See more algorithm implementations: https://github.com/Erindcl/Daily-algorithm

724. Find the central index of the array

• Given an array nums of integer type, write a method that returns the array "central index".
• This is how we define the array central index: the sum of all elements on the left side of the array central index is equal to the sum of all elements on the right side.
• If the array does not have a central index, then we should return - 1. If the array has multiple central indexes, we should return to the nearest one to the left.

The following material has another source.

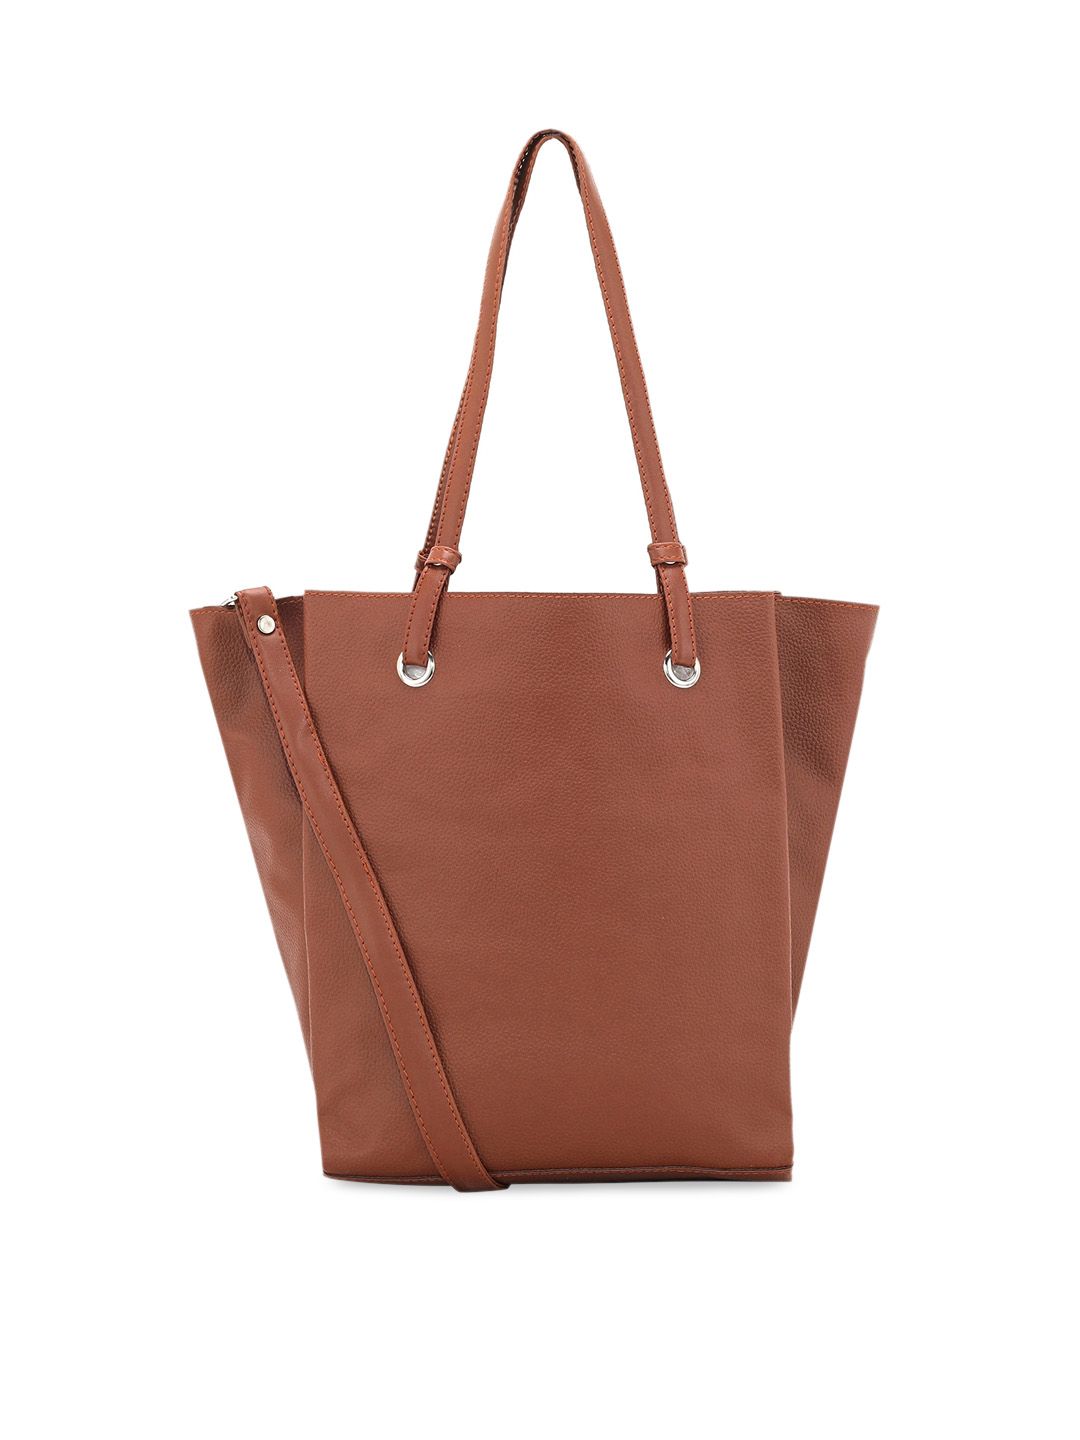 Toteteca Brown PU Oversized Structured Shoulder Bag Price in India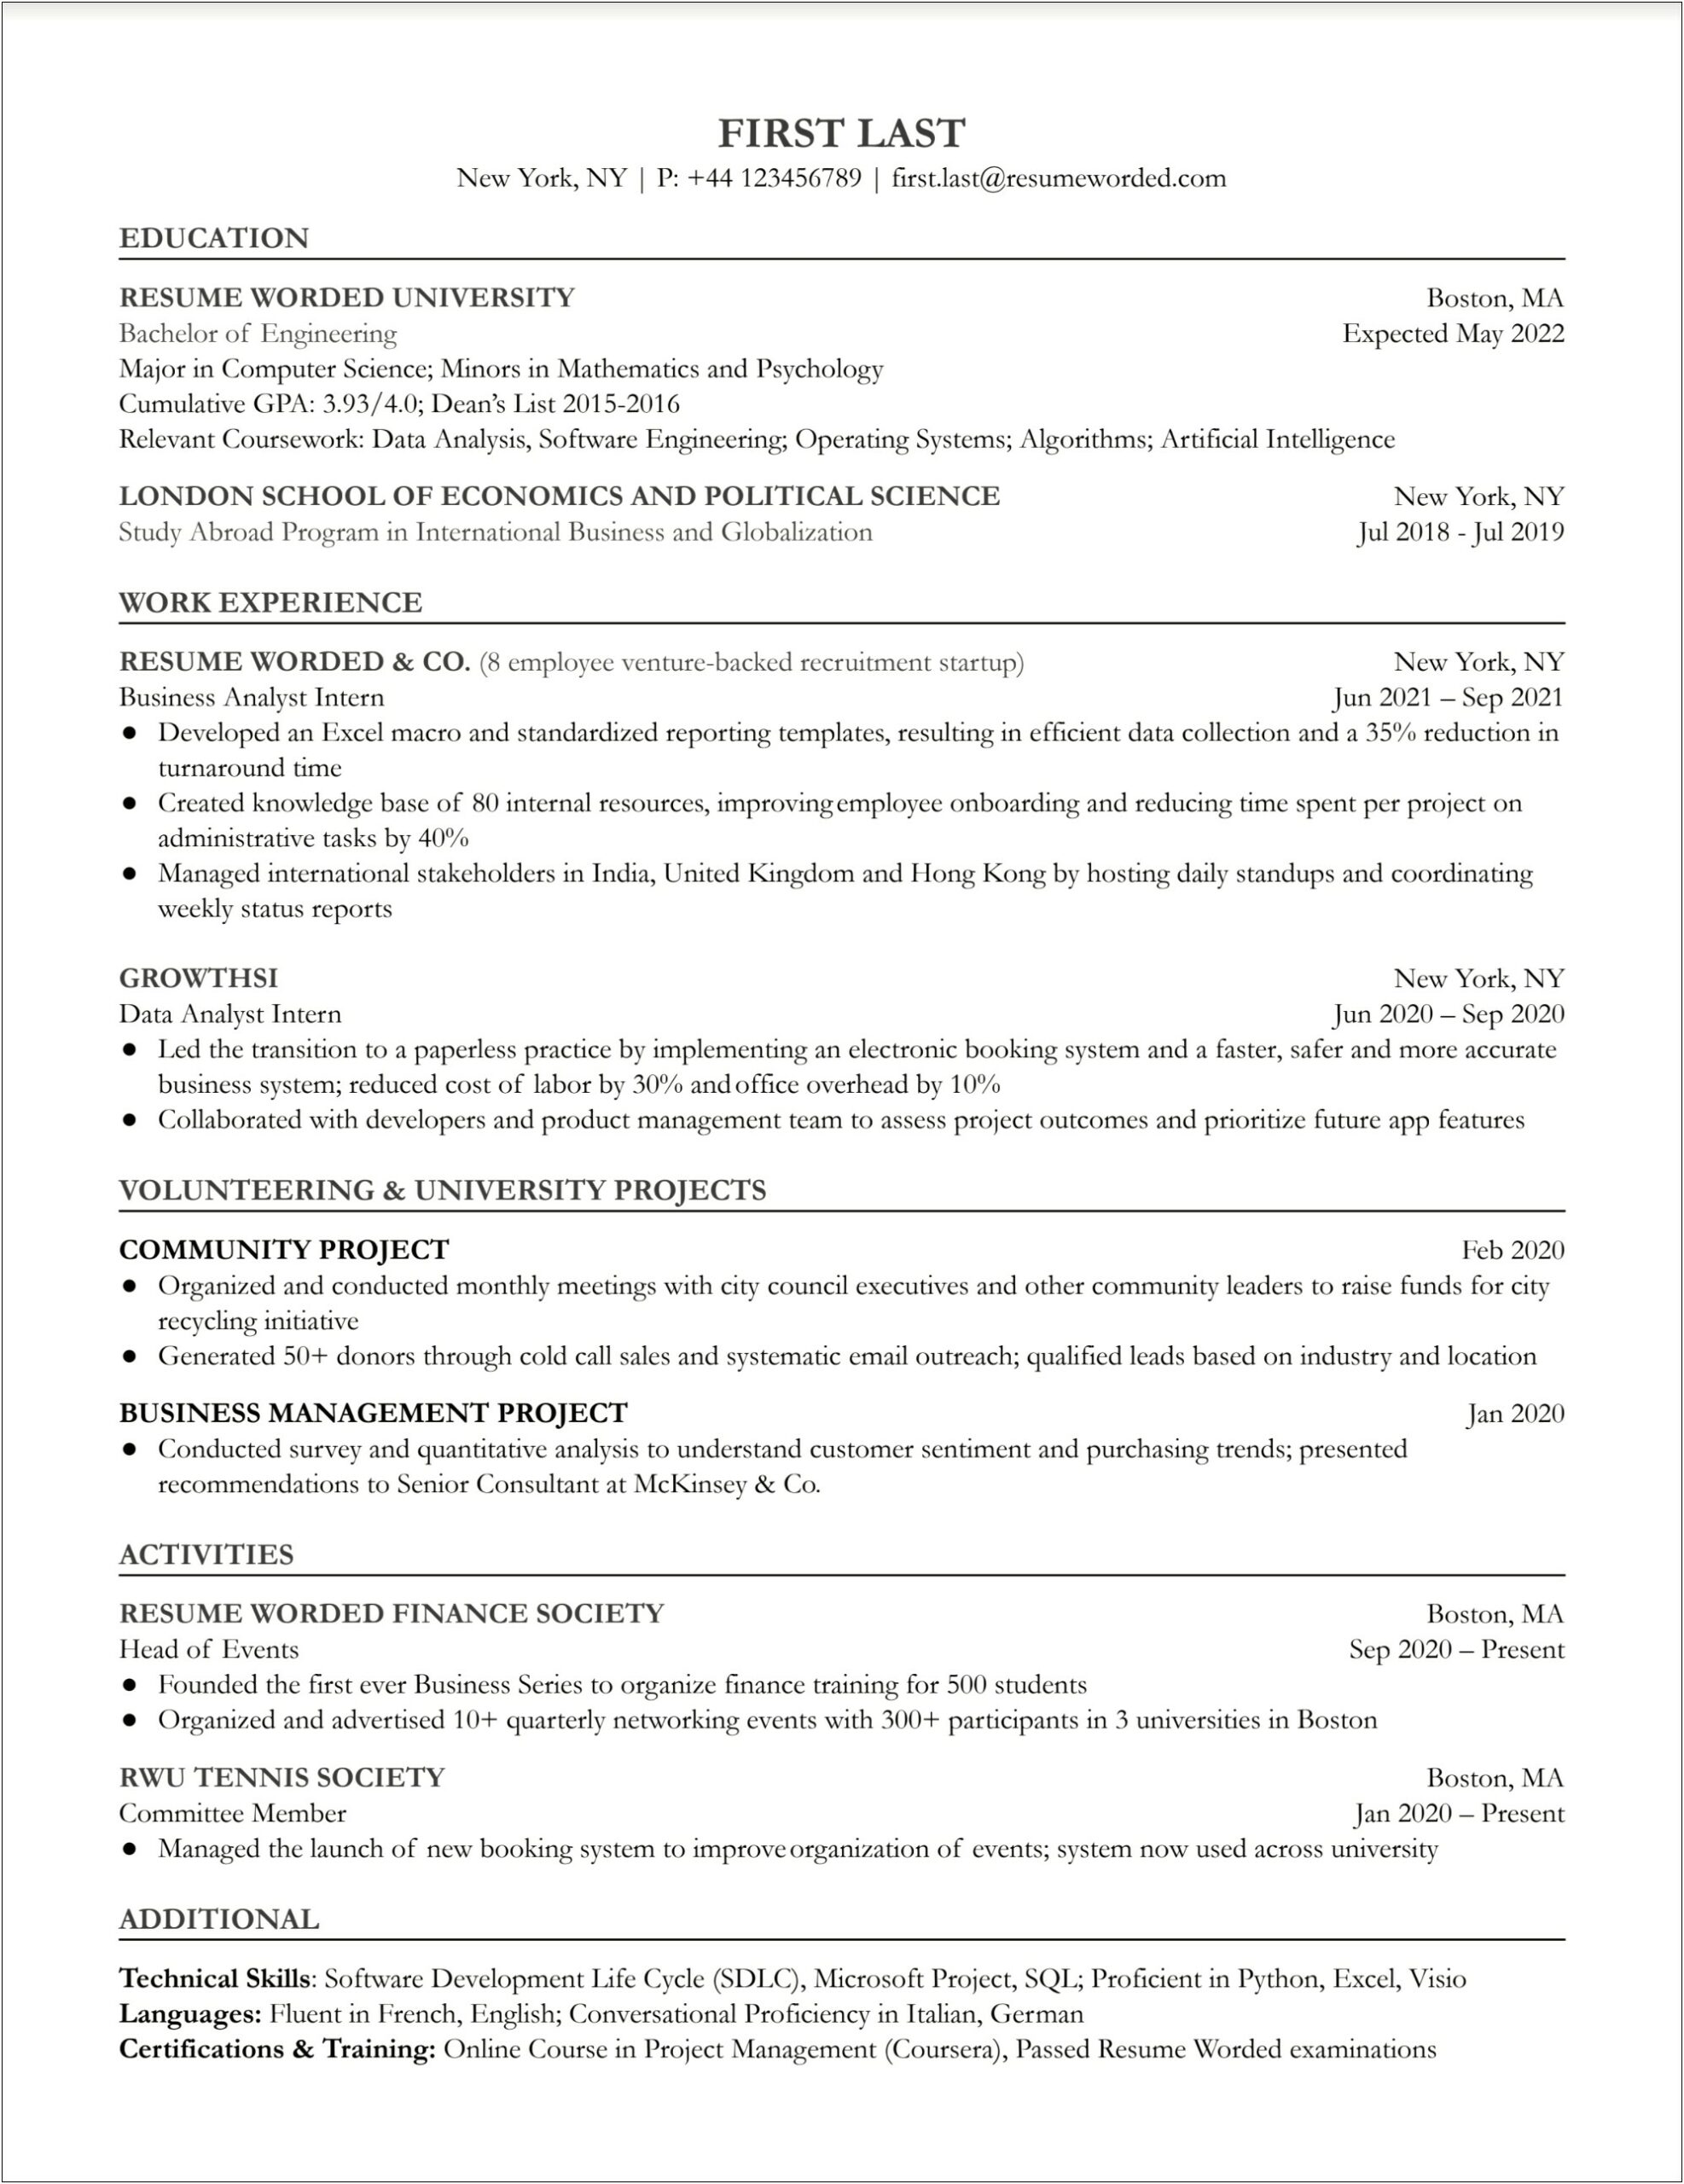 Mobile Application Business Analyst Resume Sample

Analysis: Traverse the array and calculate the sum of the left and right elements of i. When the two sides are equal, i is the central index. The code is as follows:

var pivotIndex = function(nums) {
    let len = nums.length;
    for (let i = 0; i < len; i++) {
        let sumL = 0, sumR = 0;
        for(let j = 0; j < i; j++) {
            sumL += nums[j];
        }
        for(let k = i + 1; k < len; k++) {
            sumR += nums[k];
        }
        if (sumR == sumL) {
            return i;
        }
    }
    return -1;
};

Other implementations:

var pivotIndex = function(nums) {
    let len = nums.length, currS = 0;
    let sum = nums.reduce((a,b) => a+b, 0); // Calculating the sum of arrays using reduce accumulator
    for (let i = 0; i < len; i++) {
        if (sum == currS * 2 + nums[i]) {
            return i;
        }
        currS += nums[i];
    }
    return -1;
};

746. Use minimum cost to climb stairs

• Each index of the array acts as a ladder, and the first ladder corresponds to a non-negative physical cost[i] (the index starts at 0).
• Every time you climb a staircase, you have to spend the corresponding physical cost, and then you can choose to continue climbing a staircase or two staircases.
• You need to find the minimum cost to reach the top of the floor. At the beginning, you can choose elements with index 0 or 1 as the initial step.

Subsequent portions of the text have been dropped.